Being a graduate student at MIT’s Media Lab is generally a solid prerequisite for assuming someone has brains and John Kestner is no exception. His two new projects explore relationships with digital media, attempting to anchor online interactions in the physical world.
Kestner’s project Tableau harkens back to when communication and social connections took place in person with a conversation, or high-five. Tableau, which looks like your standard handsome nightstand, connects the high tech with the classic feeling of receiving a letter from a friend at camp. Essentially the device is an Internet-enabled printer and scanner that connects to a Twitter feed. When a photo appears in your feed, the Tableau prints it out and drops it into the drawer to be collected at the user’s leisure. If you want to send a message, you simply put it in the drawer and the Tableau scans it and publishes in to your feed. Constructed from reclaimed materials, it only uses Zink paper, a printing medium that requires no printer cartridges. The Tableau can currently be seen on exhibit at the Saint Etienne International Design Biennale.
Kestner’s other project, which involved some fellow Media Lab cohorts, he calls the Proverbial Wallet. Based around the disconnect between the user and the intangible numbers of a bank account, the Proverbial Wallet interprets numerical data into a physical stimulus using Bluetooth technology. Each of the three prototypes serve to alert the user of different scenarios they might encounter financially.
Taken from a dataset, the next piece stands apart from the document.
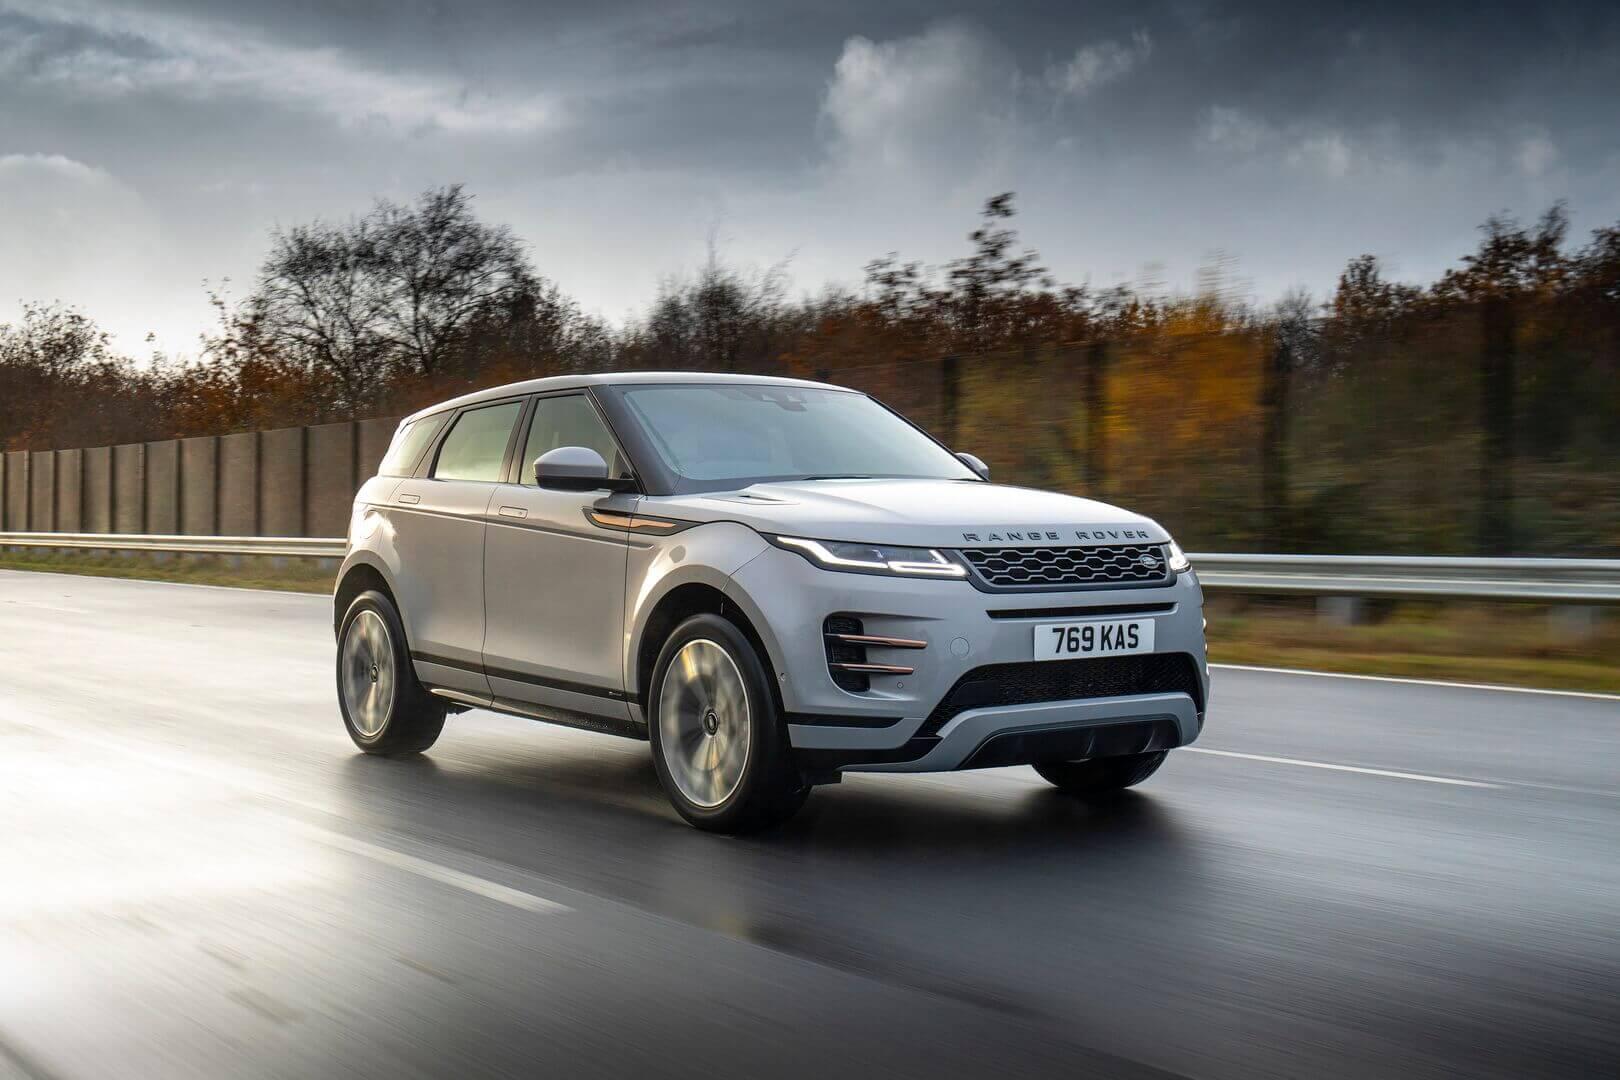 Range Rover Evoque представлено у плагін-гібридній версії з електричним запасом ходу до 66 км

The Bumblebee contains a vibrating motor. Every time your bank processes a transaction, the wallet will buzz. If your wallet buzzes and you aren’t handing your credit card to a cashier or its not time to auto-pay your bills then it is probably a good idea to check for fraudulent activity.
Designed to protect the user from themselves, the Mother Bear wallet becomes easier to open when you’re flush, locking itself up like a clam when your balance gets low. You can also program it to abide by a monthly budget to discourage unnecessary spending.
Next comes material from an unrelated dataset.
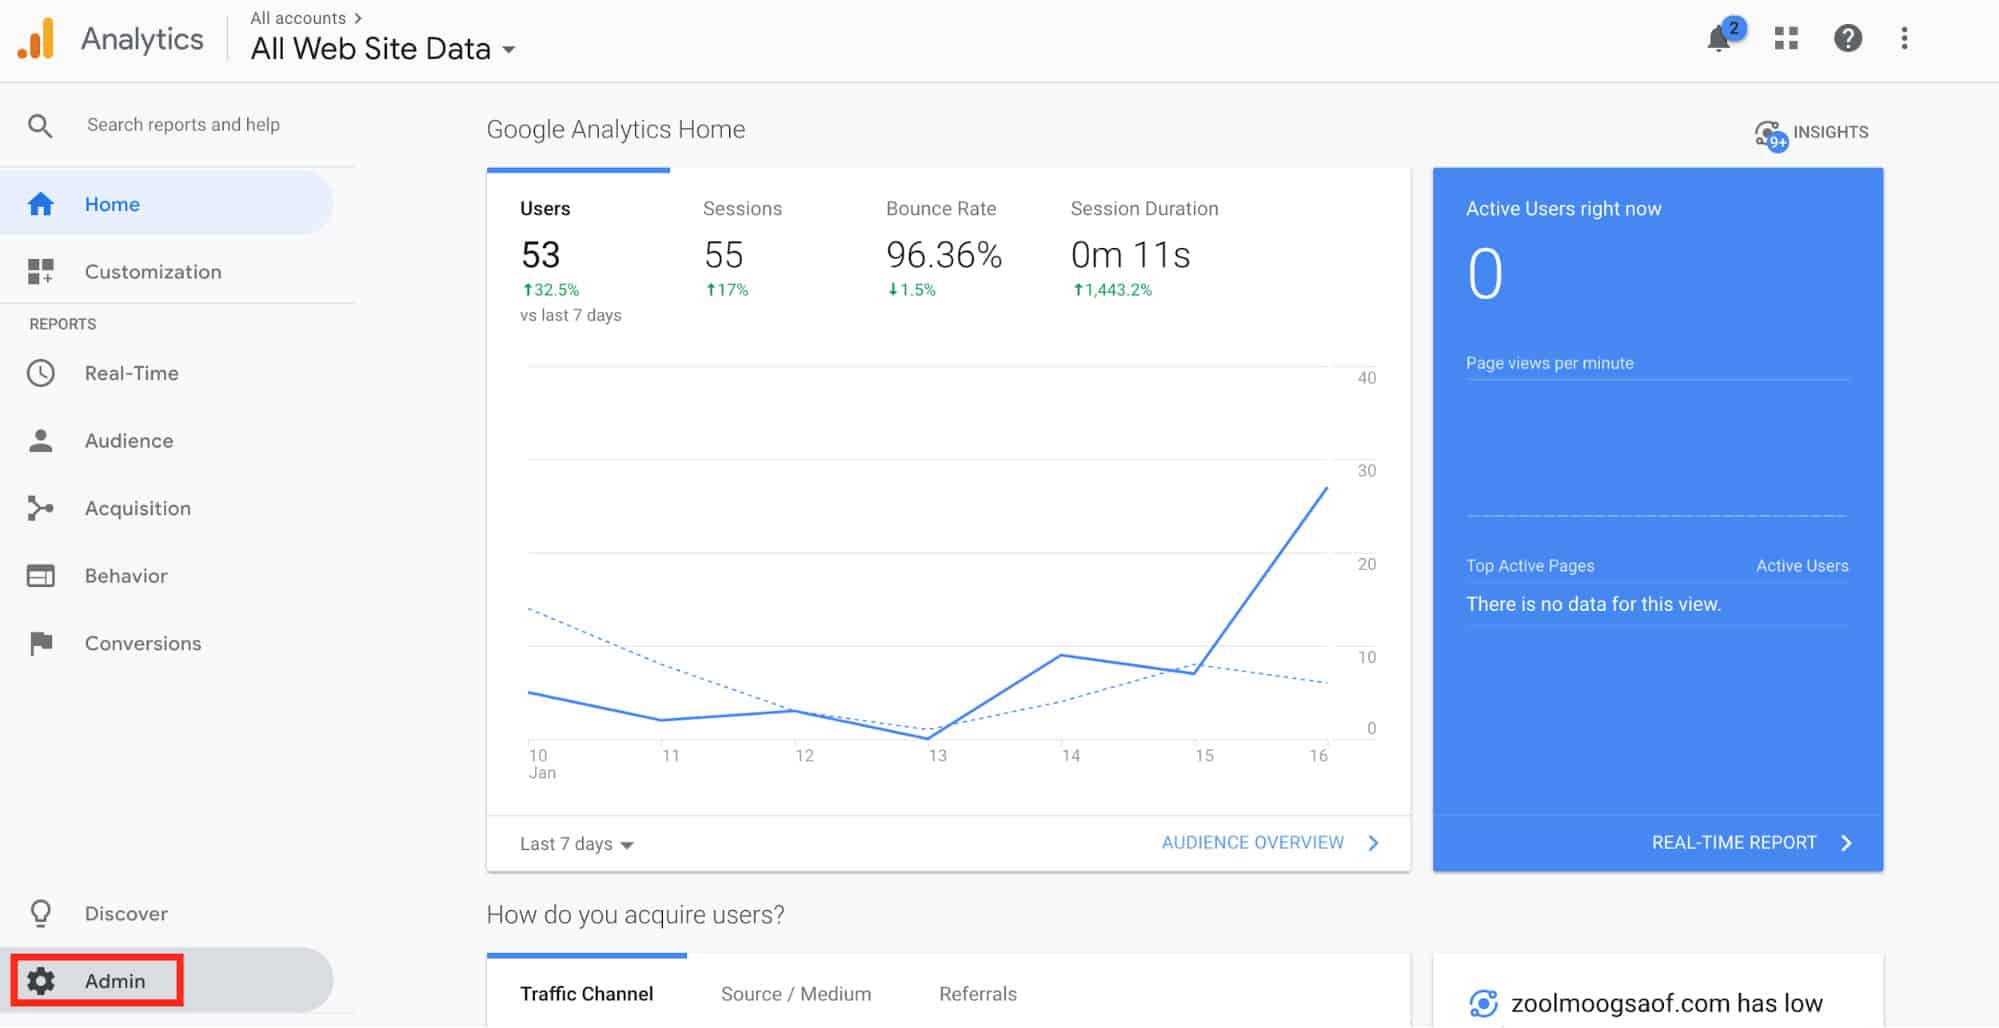 Impostazione dell'amministratore del sito di Google Analytics

The Peacock is ideal for anyone who wants to showboat how many zeros were on their last check. The wallet will swell or shrink depending on your account balance. If you deposit that fat check on Friday before going out for the night the Peacock will reflect your good fortune and potentially attract some lovely companions.
Both of Kestner’s projects take an interesting look at how we relate to our media and our money. Most modern users take for granted the giant virtual gap between information and the physical self. Kestner’s work remind us how communication used to take place, the value of physically interacting with the virtual world and why all of that might be really important.